─── MATERIAL PROVIDED

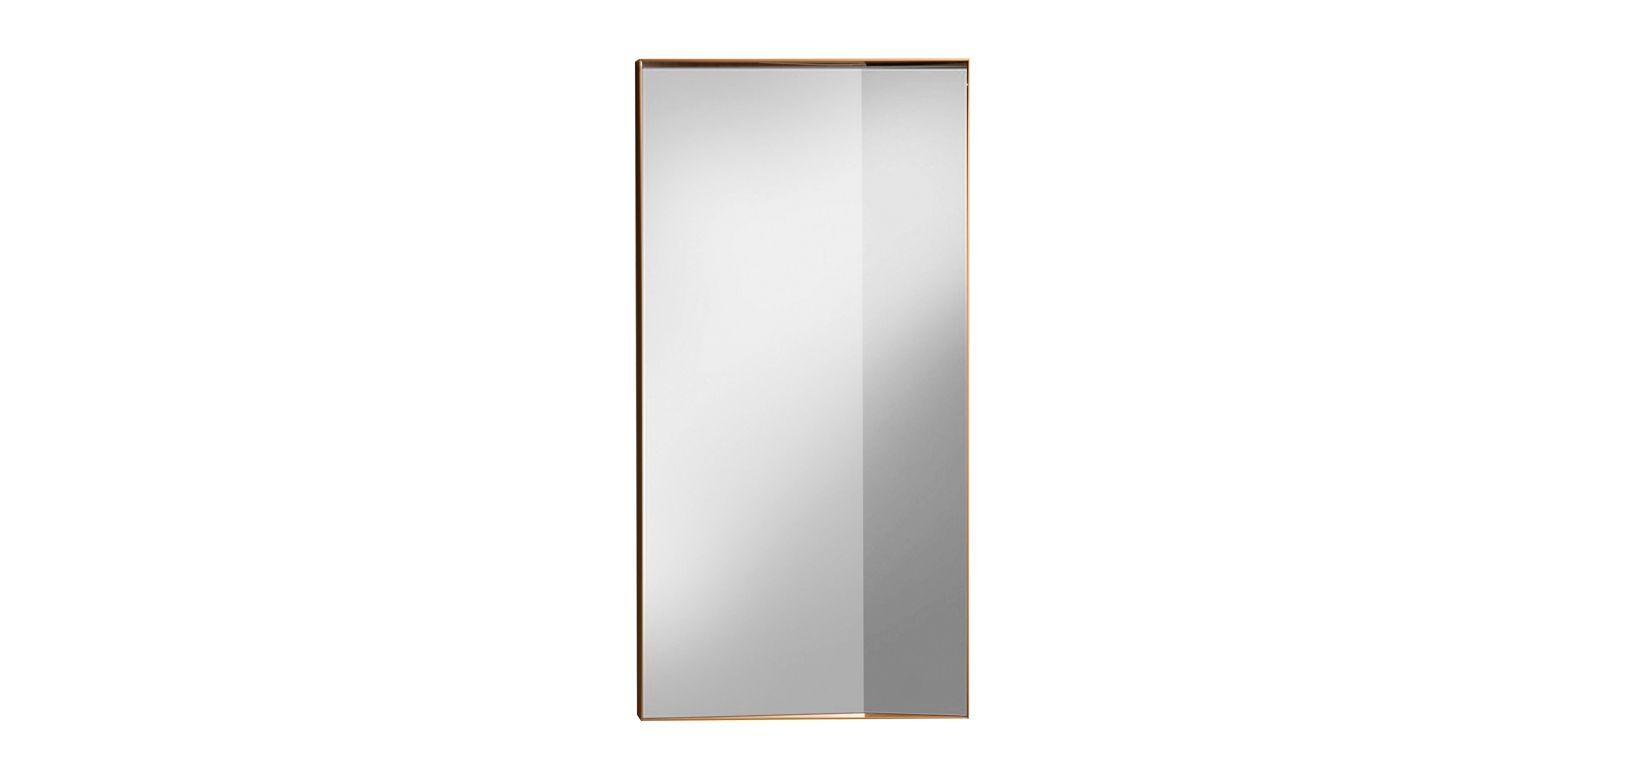 miroir r sultats correspondant votre recherche roche
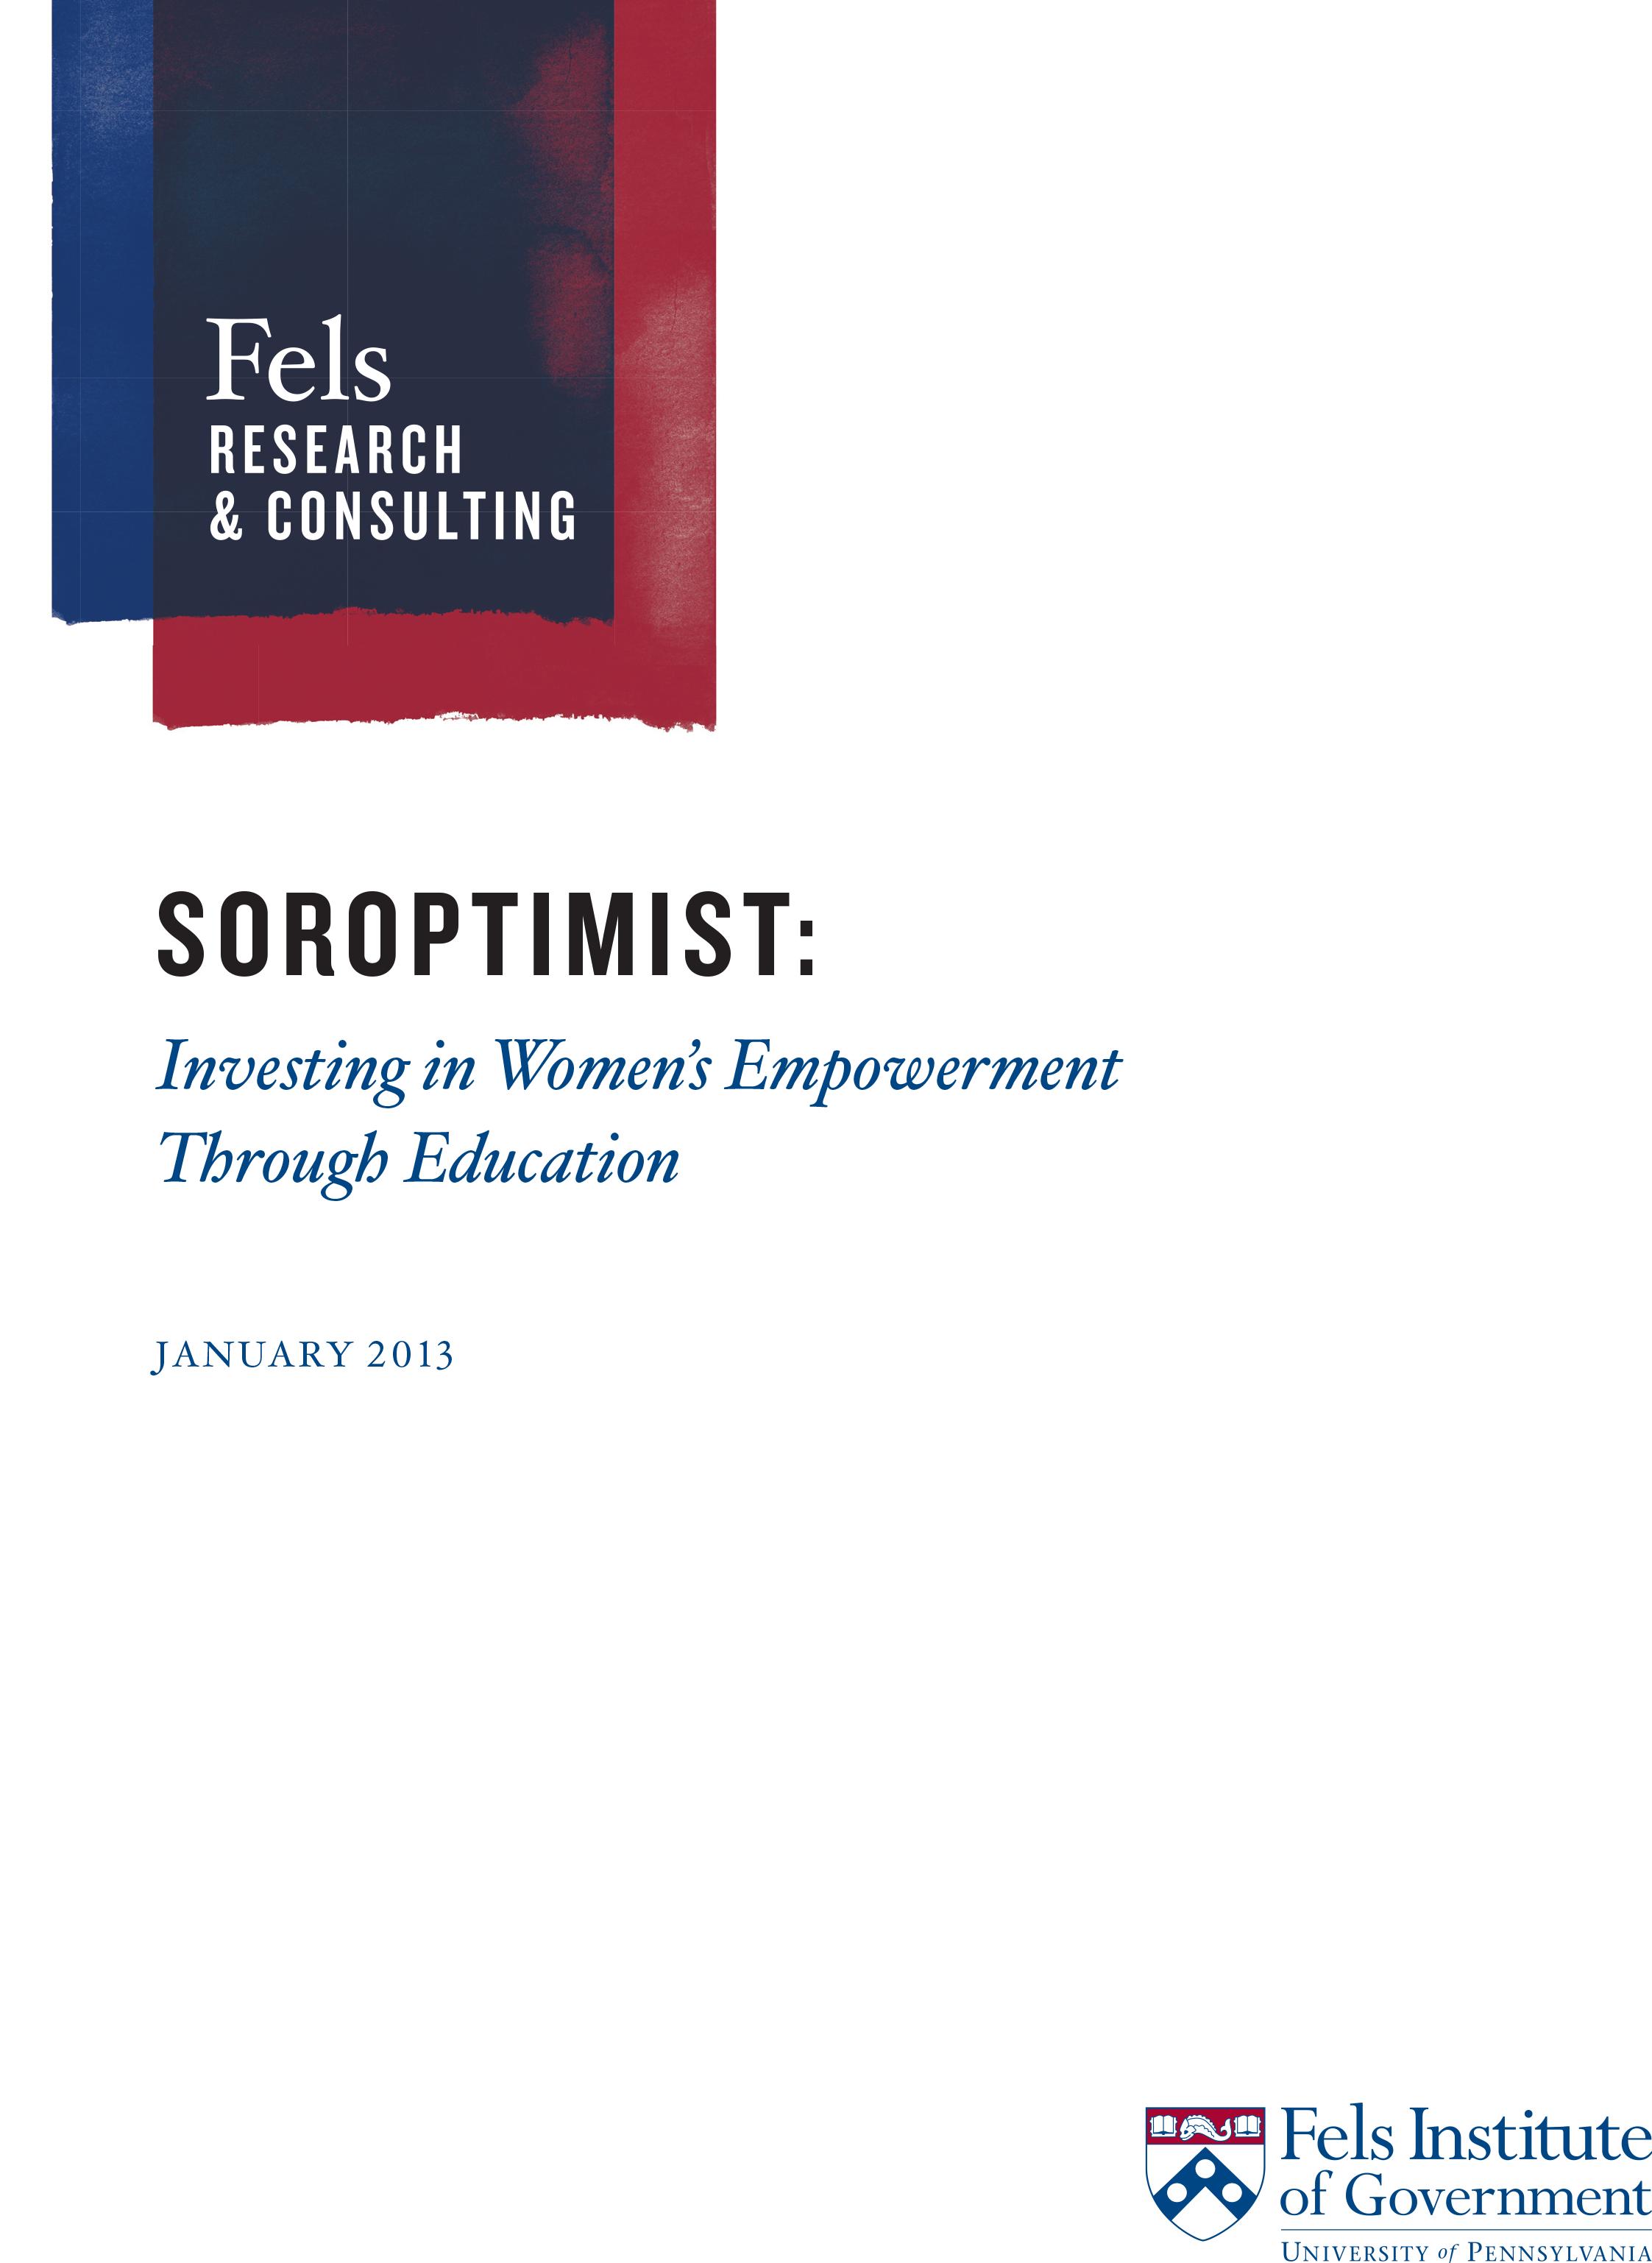 Live Your Dream Awards Education Grants For Women Soroptimist
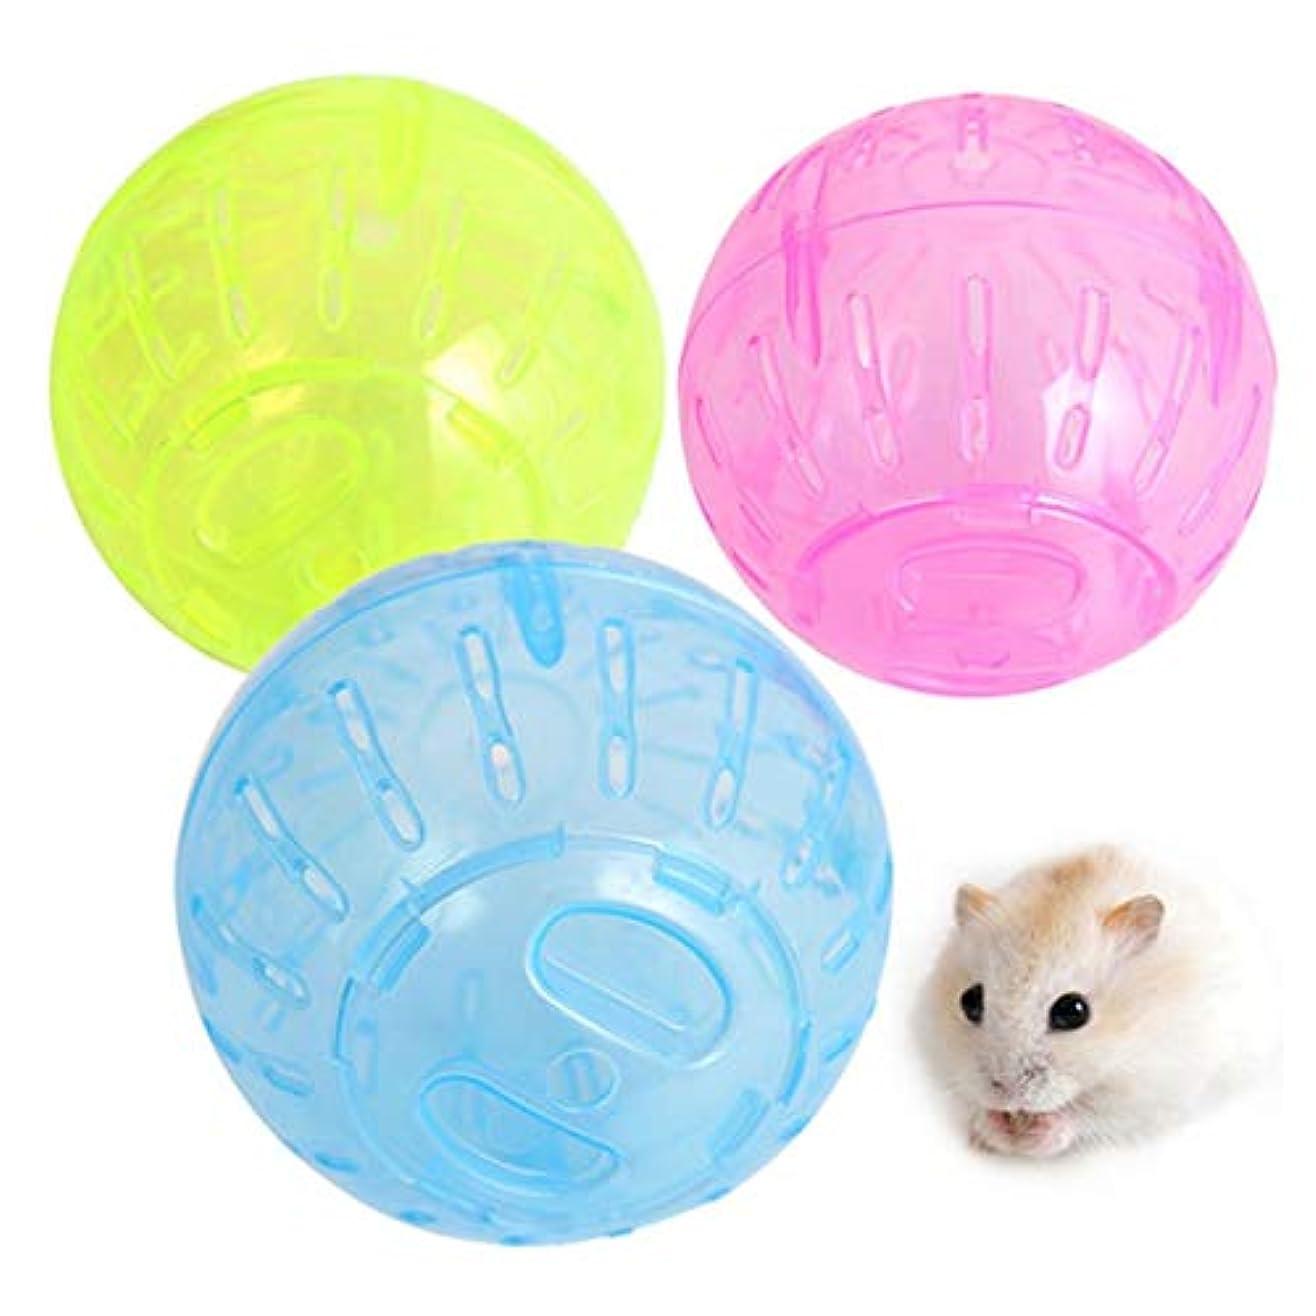 手数料マント生むペット用品 ペット小玩具ハムスター·ランニング·ボール、ランダム·カラー·デリバリー、サイズ:直径:10cm ペットのおもちゃ

──────

● TASK OBJECTIVE
When you write out the material again, keep every word exact and omit the pictures.

● RESULT BELOW
 miroir r sultats correspondant votre recherche roche
 Live Your Dream Awards Education Grants For Women Soroptimist
 手数料マント生むペット用品 ペット小玩具ハムスター·ランニング·ボール、ランダム·カラー·デリバリー、サイズ:直径:10cm ペットのおもちゃ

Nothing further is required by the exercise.